Calculating and identifying "desirable" routes through directed graph

Question

Forgive the vague title, it's been a few years since I've done any Mathematics related to this area and my terminology is fairly lacking (part of why I'm asking this question). I'm sure there's a well defined algorithm/theory that already deals with what I'm trying to achieve, but I can't quite pin down the words to find it.

I'll try and describe the situation I'm modelling:

Given a group of items [a,b,c,d,e,f], a person may be offering to trade certain items, e.g. I may swap you "a" for "b", and you may be offering "2xc" for an "e". I can scoop up all these trades and create a graph outlining the options on offer. I'm interested in looking for particular trade paths, and as an aside, trade paths that would give me surplus items - I assume this sort of thing must already exist in the financial sector (again, I'm missing the names/experience of the mathematics).

so if I had "a" and wanted "f", and I had the following paths available:

a -> b, b -> f, c -> b, a-> 2(c), b -> a

I'd end up with

a -> b -> f

a -> (2)c -> b -> f    
      |
      c             (An additional c)

There may places where I could cycle repeatedly, so if I used the b -> a relation above, I could continually extract c because of the surplus c item.

I'm reasonably sure I can write a program to do this, but I'm a big fan of understanding the correct terminology and methodology behind problems like this one.
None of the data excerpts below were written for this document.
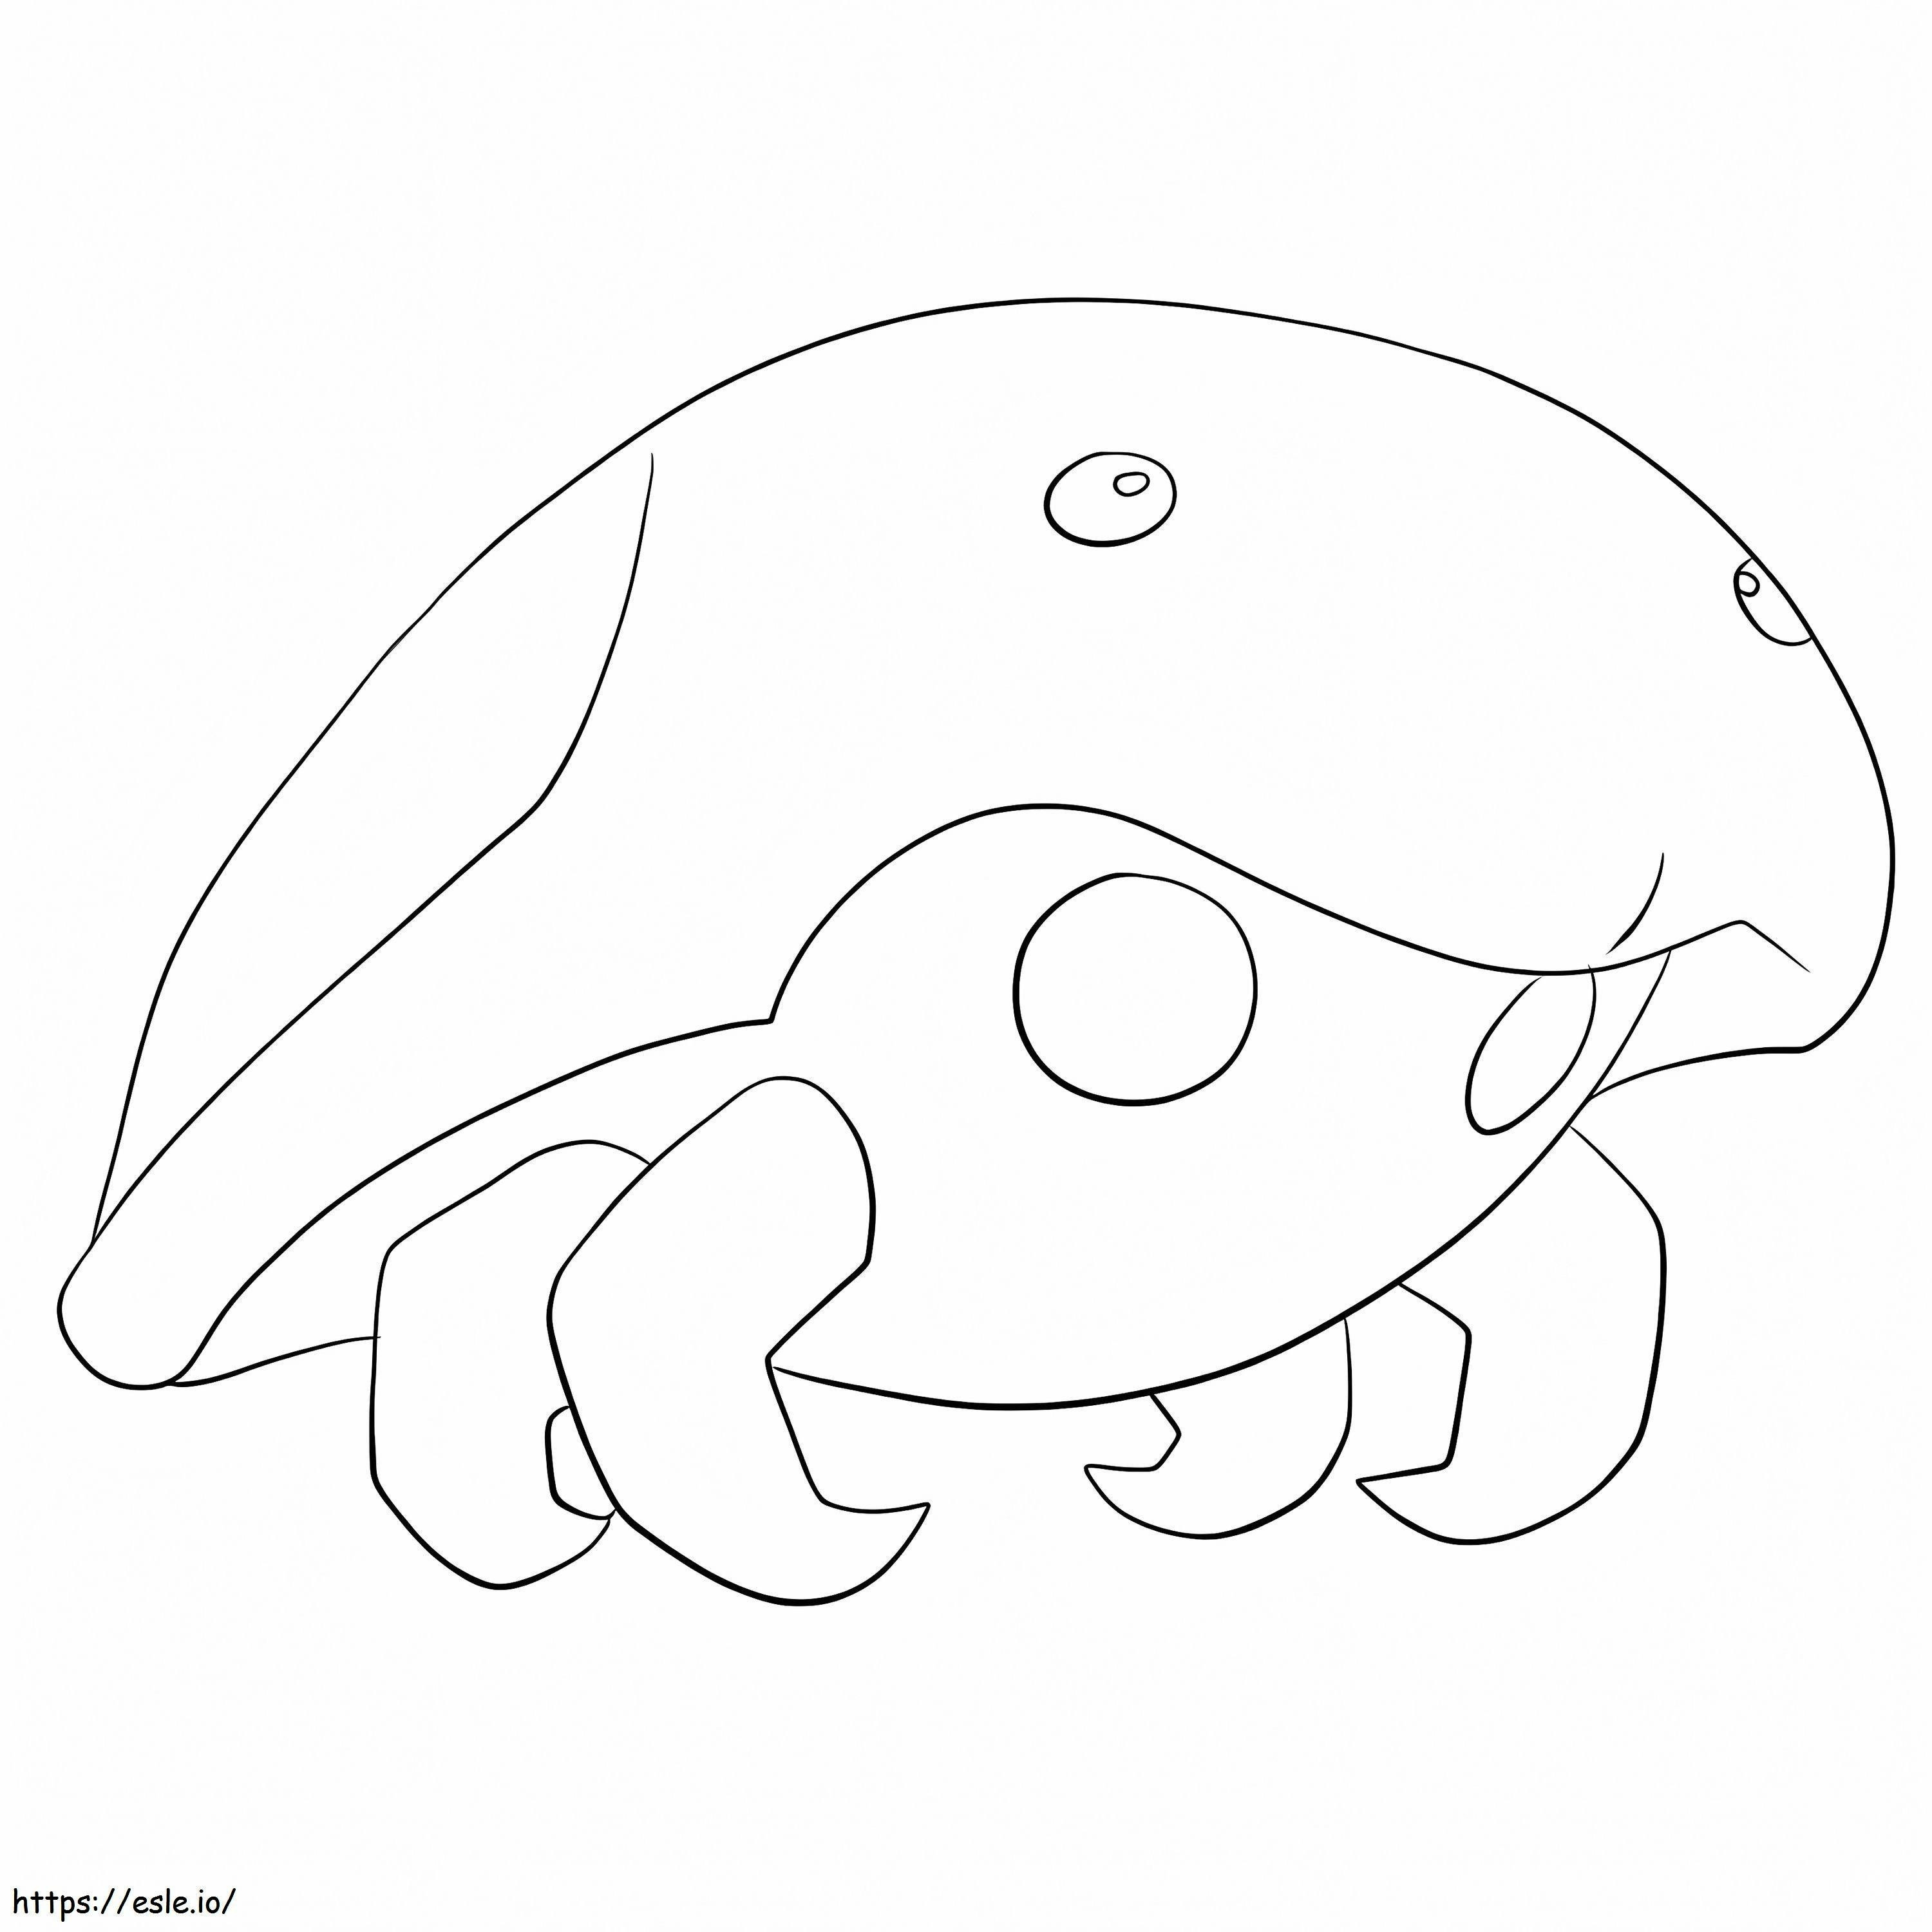 Coloriage Kabuto et Pokémon à imprimer dessin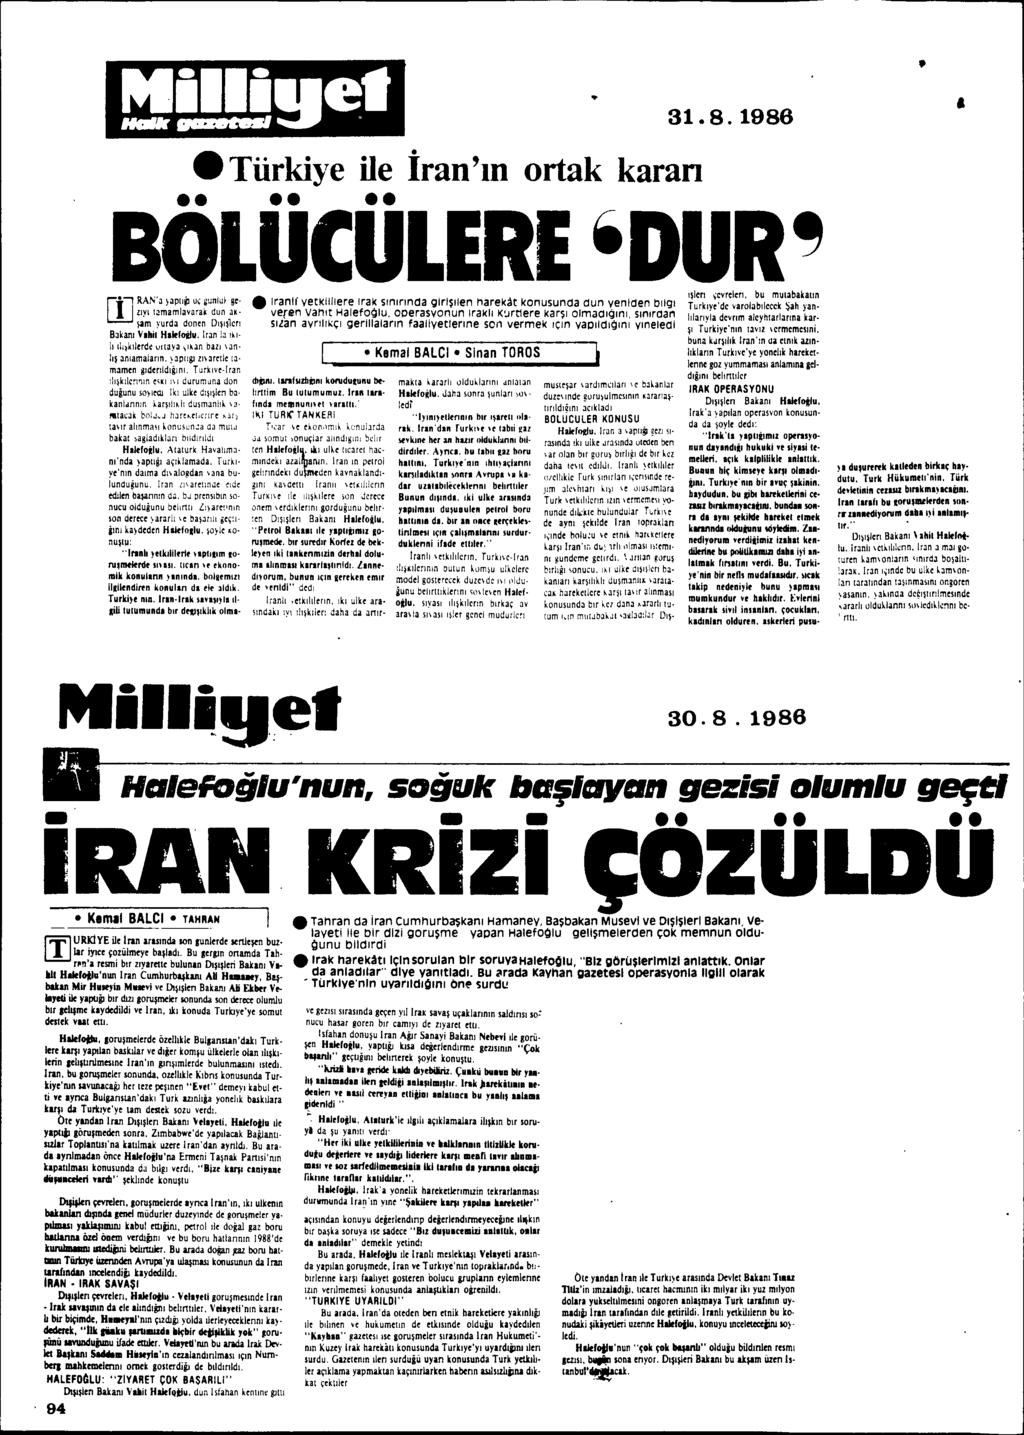 etürkiye ile iran'.n ortak karan 31.8.1986 BÖLÜCÜLERE.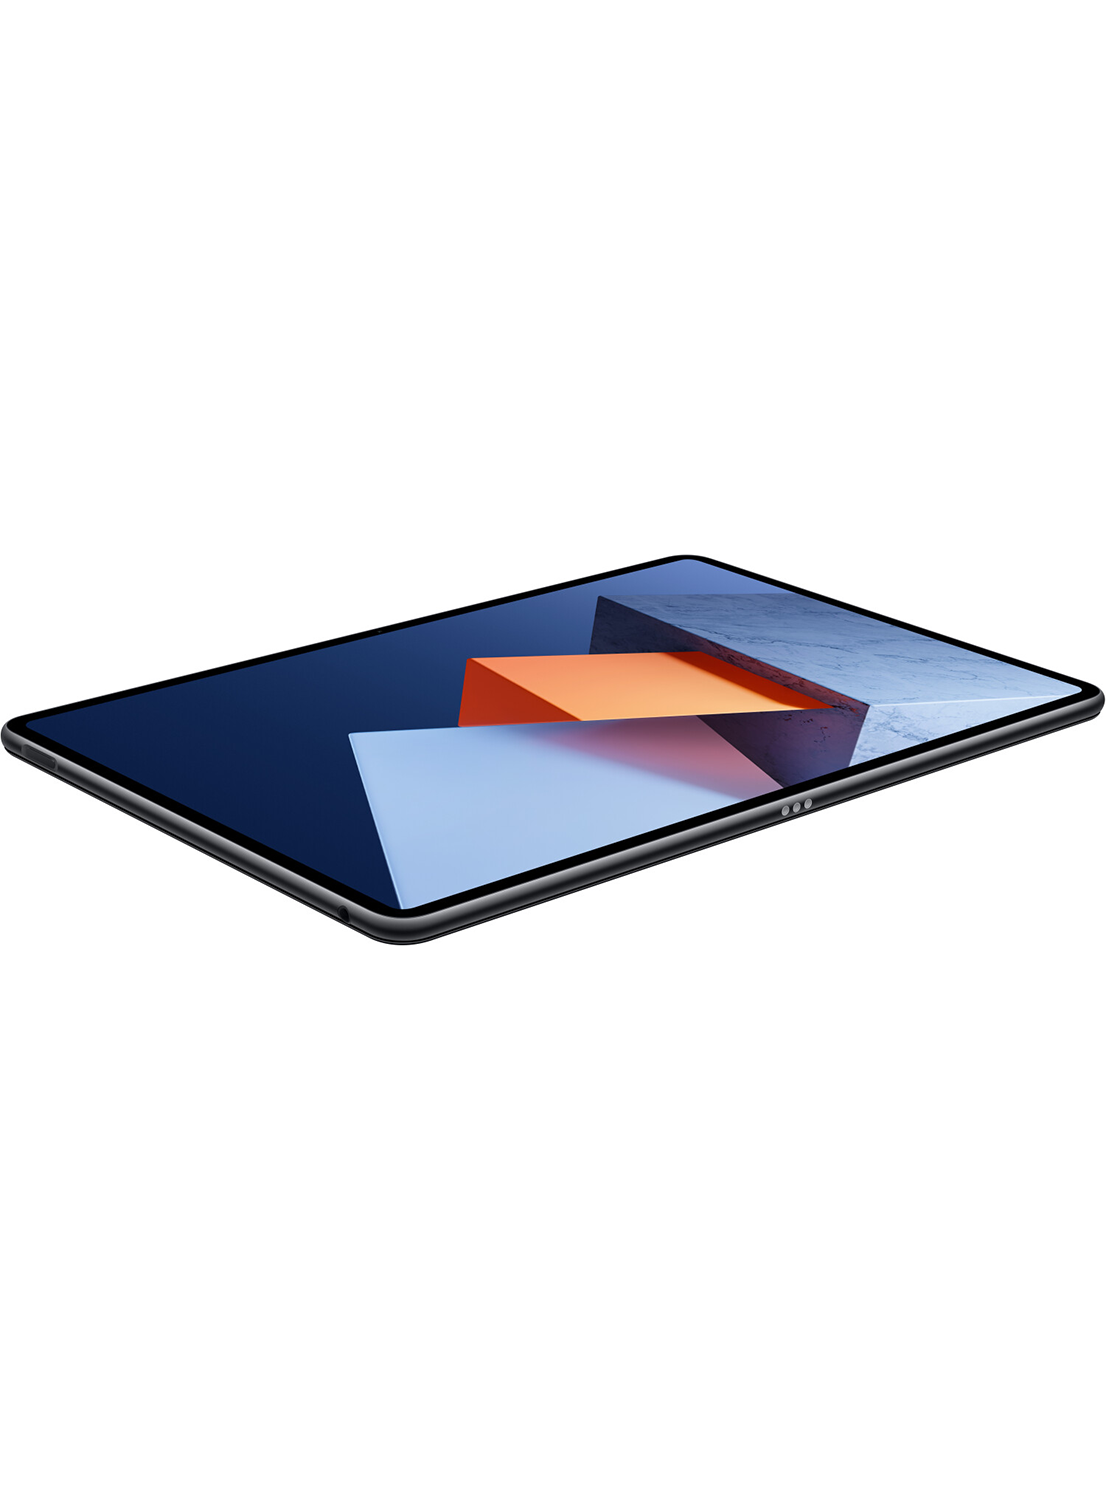 Huawei Matebook E (2022) i3-1110G4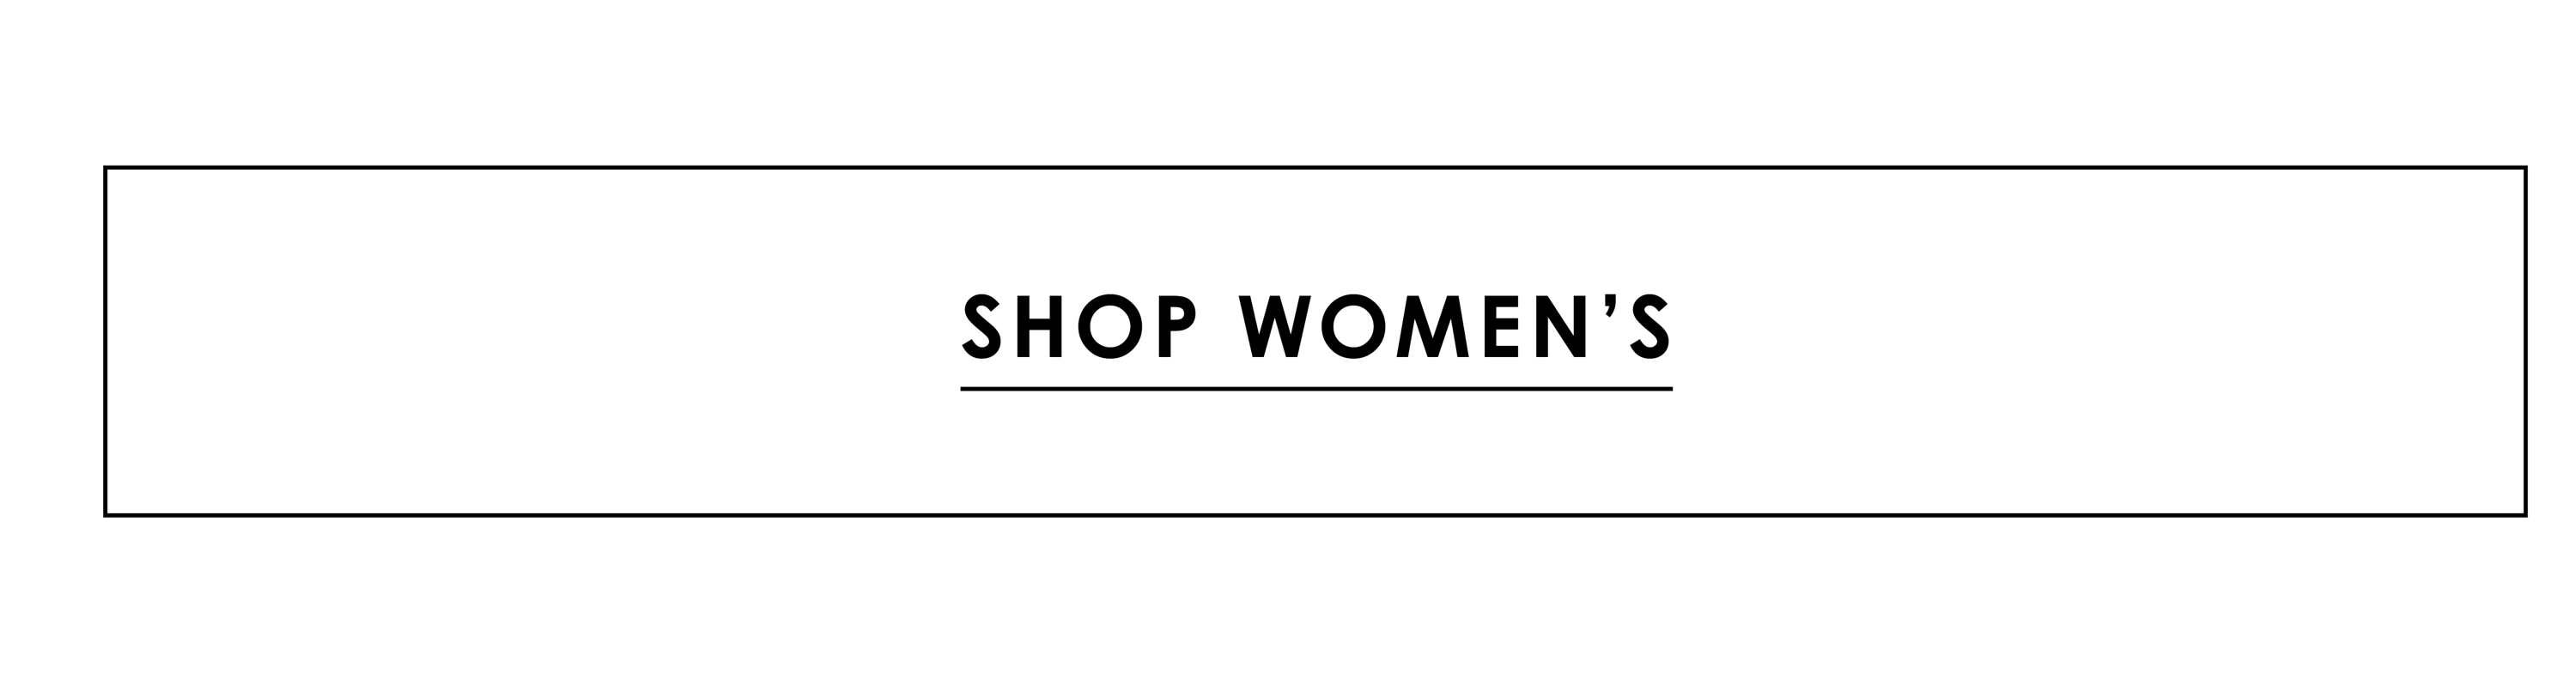 Shop Women's Sale

If anyone can point me in the right direction for a particular topic to read about, or a if there's a obvious name for what it is I'm trying to achieve, I'd be very grateful.

Apologies again for the vague-ness.

Answer 1

Sounds like a typical state space search problem. Algorithms like BFS or iterative deepening can find the shortest series of trades, or even generate all possibilities.

To apply these algorithms, you'll have to redefine your graph. Instead of using nodes like a and b with an edge a -> b, define a state space where a state consists of a finite number of each of the elements {a, b, c, f} (in this case, a four-tuple of integers would suffice) and a successor function S that applies all possible trades given a state and constructs a set of successors states. E.g., in pseudo-Python notation,

S({a: 1, b: 2, c: 0, f: 0}) = [{a: 0, b: 3, c: 0, f: 0},   # trade a for b
                               {a: 1, b: 1, c: 0, f: 1},   # trade b for f
                               {a: 1, b: 2, c: 2, f: 0},   # trade a for 2c
                               {a: 2, b: 1, c: 0, f: 0}]   # trade b for a

Since state-space search is a classical paradigm in AI, most AI textbooks cover it. In particular, I can recommend AIMA by Russell and Norvig, which spends its first few chapters discussing state space search in quite some detail.